Que les lymphoedèmes post-cancer du sein disparaissent peu à peu grâce notamment aux techniques de ganglion sentinelle, au modification des protocoles de radiothérapie et aussi aux techniques de détections précoces du lymphoedème. On va en avoir de moins en moins je pense. Les outils de radiothérapie se sont également nettement améliorés ces dernières années. Dans les années 80, les femmes avaient des séquelles importantes, de lymphoedème mais également osseuses, vasculaires, neurologiques…

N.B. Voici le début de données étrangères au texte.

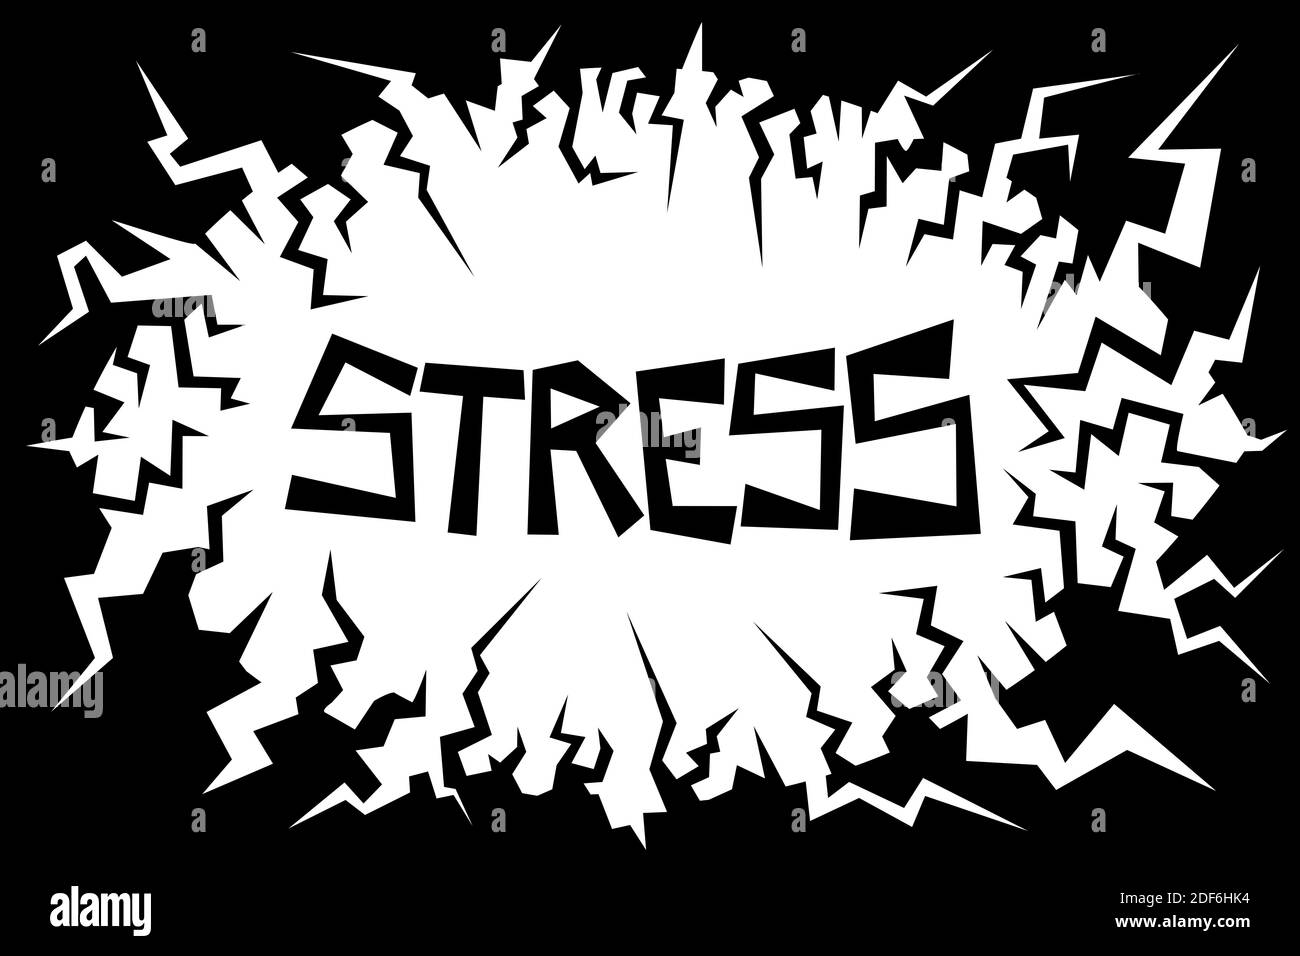 Negative Umwelt verursacht Stress - Geist und psychische Verfassung ist unter Druck - störend und unbesorgt schwächend. Vektorgrafik Stockfoto

J’ai de la chance de travailler dans l’Unité de Lymphologie du Centre de référence de Cognacq-Jay à Paris. J’ai l’impression de faire quelque chose d’utile. Et j’aime travailler dans un domaine mal connu : on découvre sans cesse. Il y a beaucoup de choses qu’on ne connait pas, mais au lieu de générer de la frustration, ça génère de l’envie et de la curiosité. Un chef de médecine interne m’a dit un jour : « Tu sais Caroline, tu ne peux pas tout comprendre d’un coup. Il faut que tu sois patiente. » Pour le lymphoedème, c’est un peu ça aussi. Il faut être patient, à l’écoute. Il y a un bel avenir pour la réduction des lymphoedèmes mais aussi un bel avenir avec les travaux de recherche qui sont en cours. Les deux sont liés.

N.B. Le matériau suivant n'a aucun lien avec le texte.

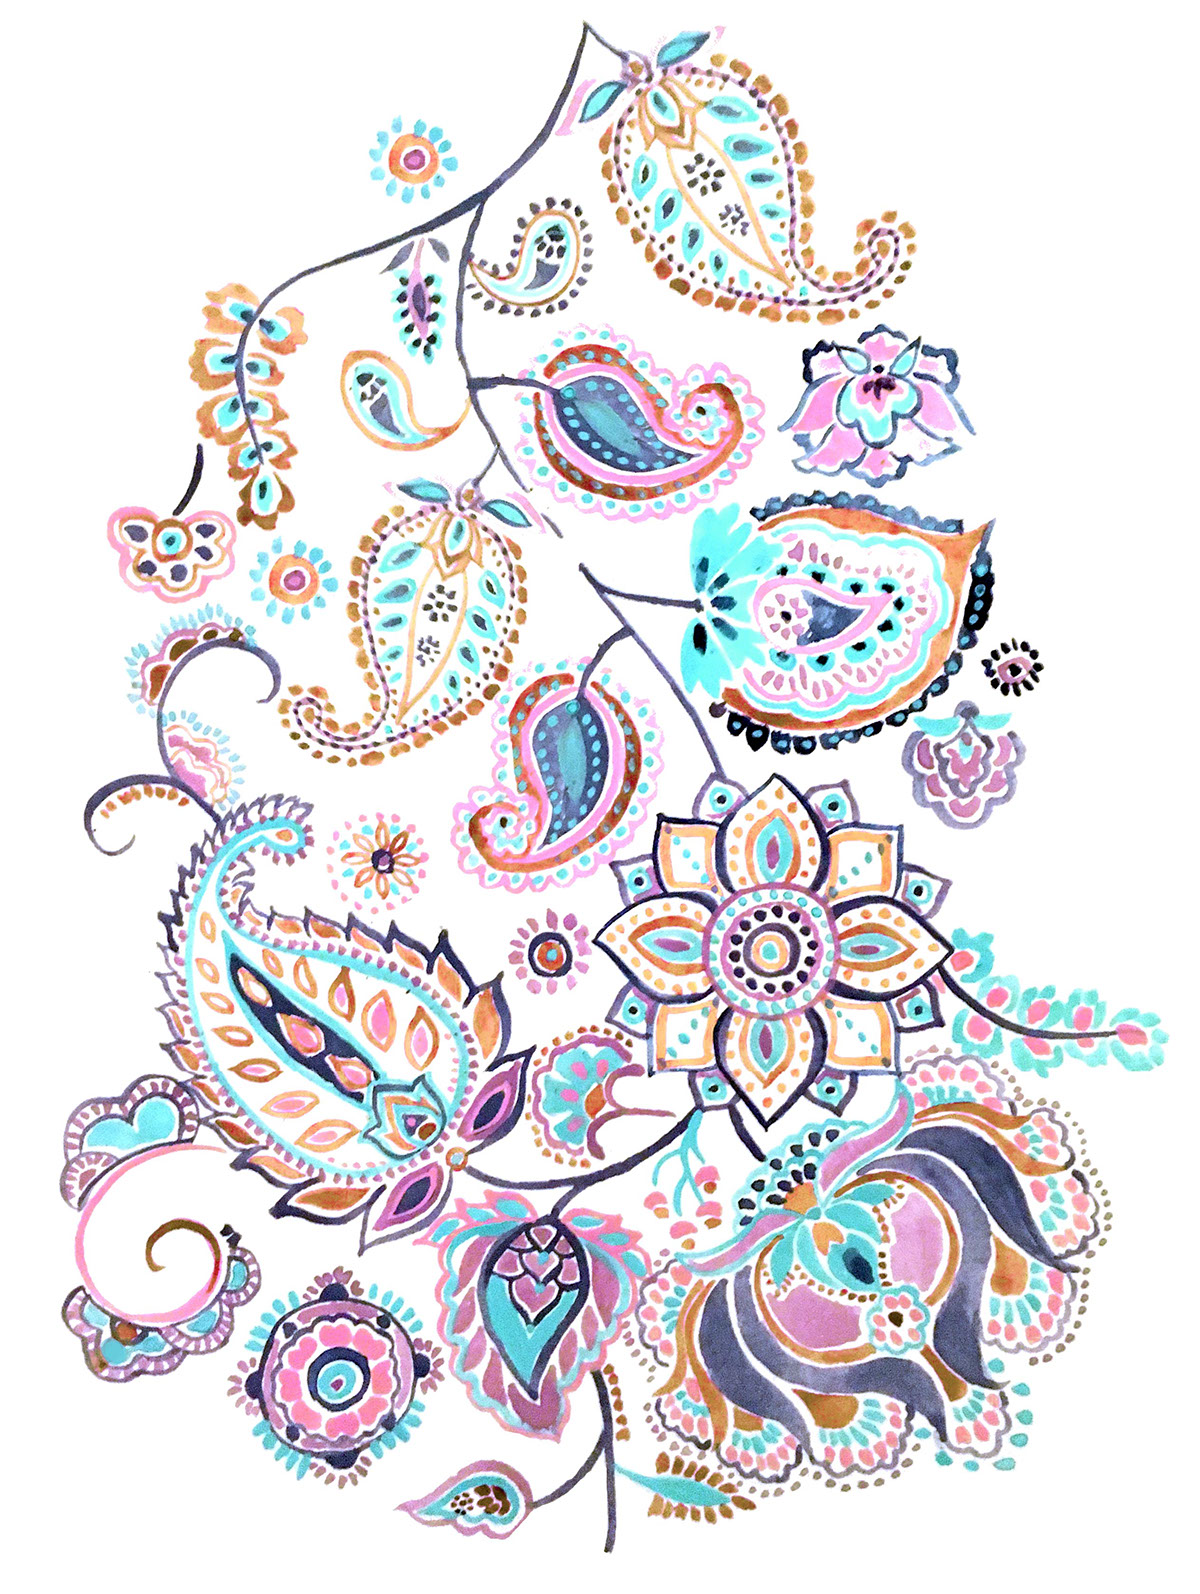 Textiles paint watercolor gouache sketchbook floral paisley fabric pattern print print studio folk

L’hôpital Cognacq-Jay appartient à la Fondation du même nom. Elle a plusieurs établissements répartis sur tout le territoire. Depuis le 1er janvier 2020, la Fondation Saint-Jean-de-Dieu et la Fondation Cognacq-Jay sont unies pour renforcer leurs filières de soins en cancérologie. Ce partenariat permet à notre service de donner des expertises, proposer des partenariats de recherche et à la clinique Saint-Jean-de-Dieu de continuer leurs activités cliniques particulièrement renommées comme la prise en charge du cancer du sein.
Autre établissement, l’Atelier Cognacq-Jay, un lieu dédié au mieux-être des personnes touchées par le cancer, pour qu’elles reprennent la main sur leur vie et sur leur santé.
Ici, du coup, on est sensibilisés au cancer du sein et à l’après.